Metadata-Version: 1.1
Name: iddt
Version: 0.1.13
Summary: Internet Document Discovery Tool
Home-page: UNKNOWN
Author: Timothy Duffy
Author-email: tim@timduffy.me
License: GPLv3+
Description: # iddt
        Internet Document Discovery Tool
        
        ## What is it
        
        https://github.com/thequbit/iddt
        
        There are three parts of `iddt`
        
        - Worker
        - Dispatcher
        - MongoDB
        
        The worker is what does all of the hard lifting with the internet, and 
        the dispatcher keep everyone in line.  You can have any many workers as
        you're system will allow mongdb connections.  MongoDB is used as the
        central cache to limit the amount of bandwidth needed to scrape target
        URLs.
        
        ##How to use it
        
        ###Requirements
        
        `iddt` uses MongoDB as a central cache while it is working.  You'll need to
        install MongoDB to use `iddt`.
        
        - Ubuntu
        
            $ sudo apt-get install mongodb
        
        ###Worker
        
        You will probably want to run the worker ( or many workers ) as daemons.

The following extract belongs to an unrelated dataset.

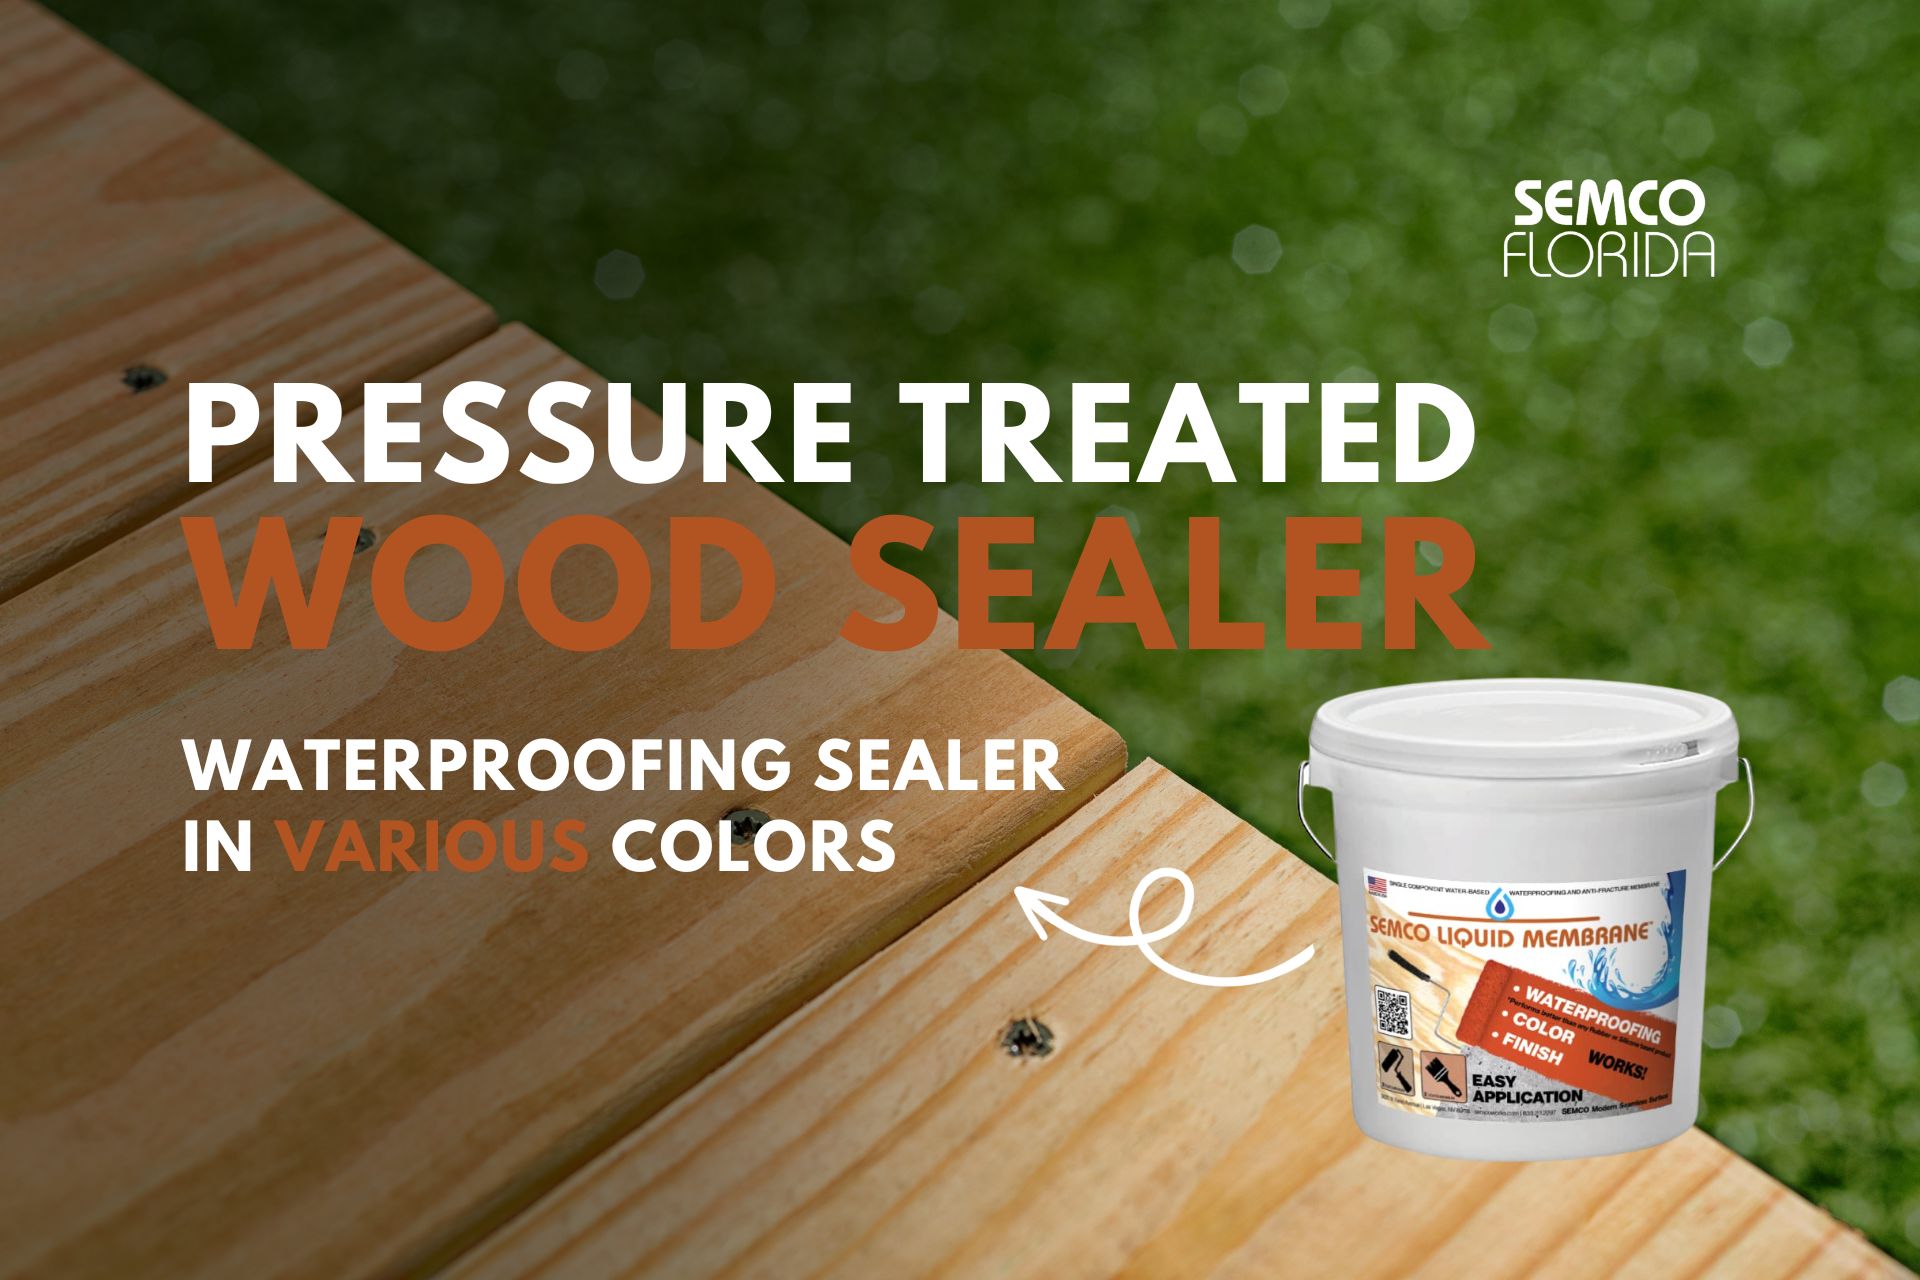 Best Waterproofing For Pressure Treated Wood, Our Top Recommendation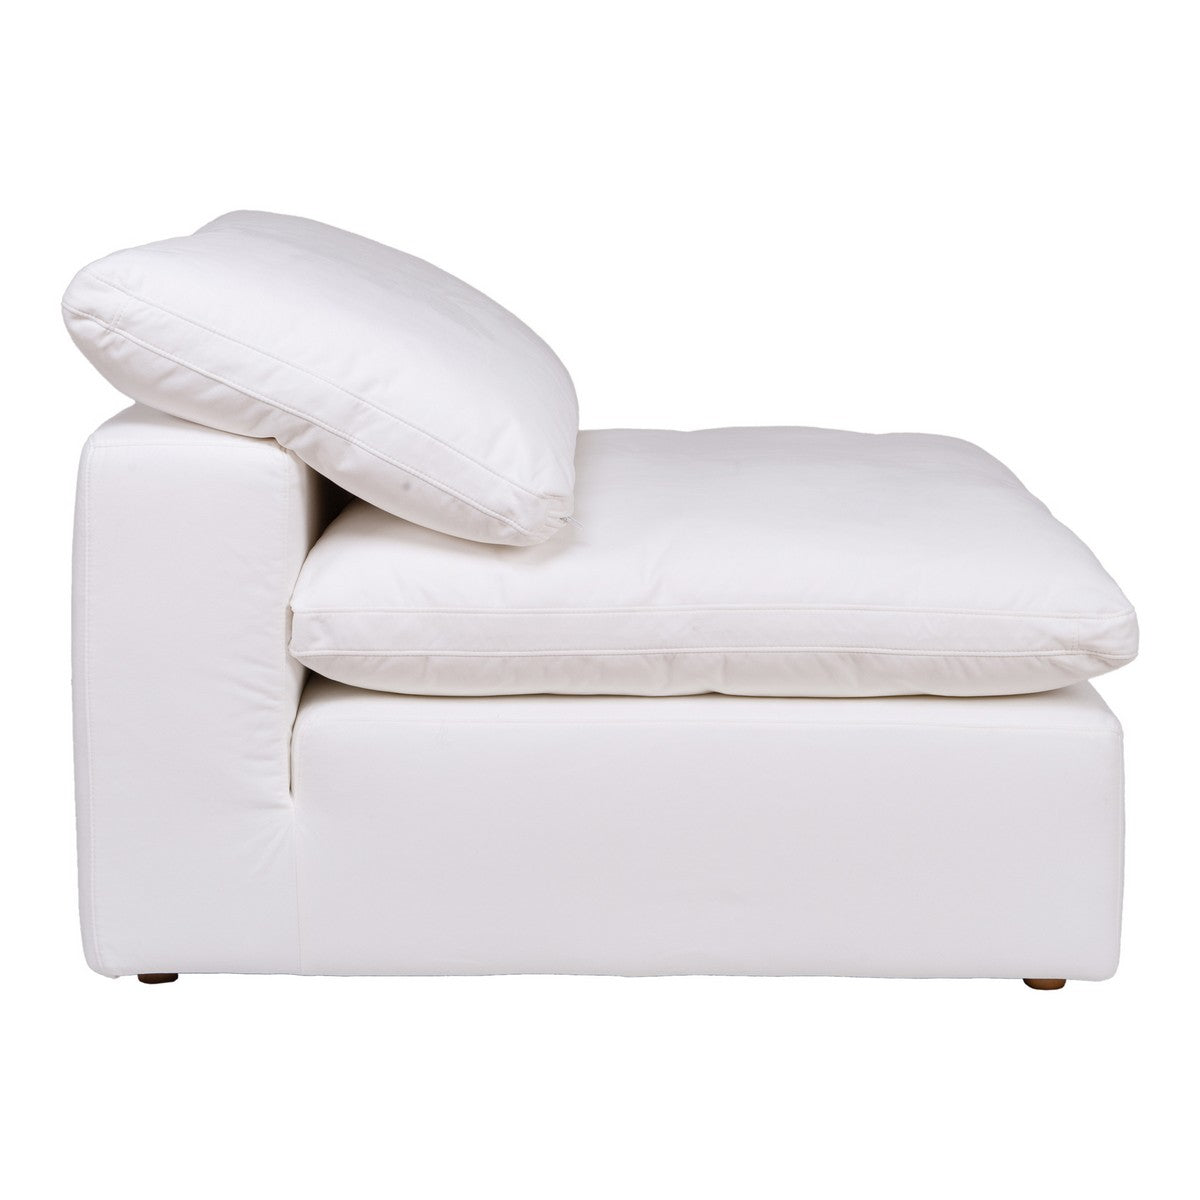 Moe's Home Collection Clay Slipper Chair Livesmart Fabric Cream - YJ-1001-05

        This functionality is built into `iddt`.  use the following code as a 
        starting point:
        
            import sys
            from iddt import Worker
        
            import logging
        
            logging.basicConfig(level=logging.INFO)
            logger = logging.getLogger("iddt.worker_test")
        
            class MyWorker(Worker):
        
                def __init__(self, *args, **kwargs):
                    super(MyWorker, self).__init__()
                    logging.info("MyWorker __init__() complete.")
        
                def new_doc(self, document):
                    # do something with the document
                    pass
                    
            if __name__ == '__main__':
                pidfile_path = '/tmp/worker.pid'
                if len(sys.argv) == 3:
                    pidfile_path = sys.argv[2]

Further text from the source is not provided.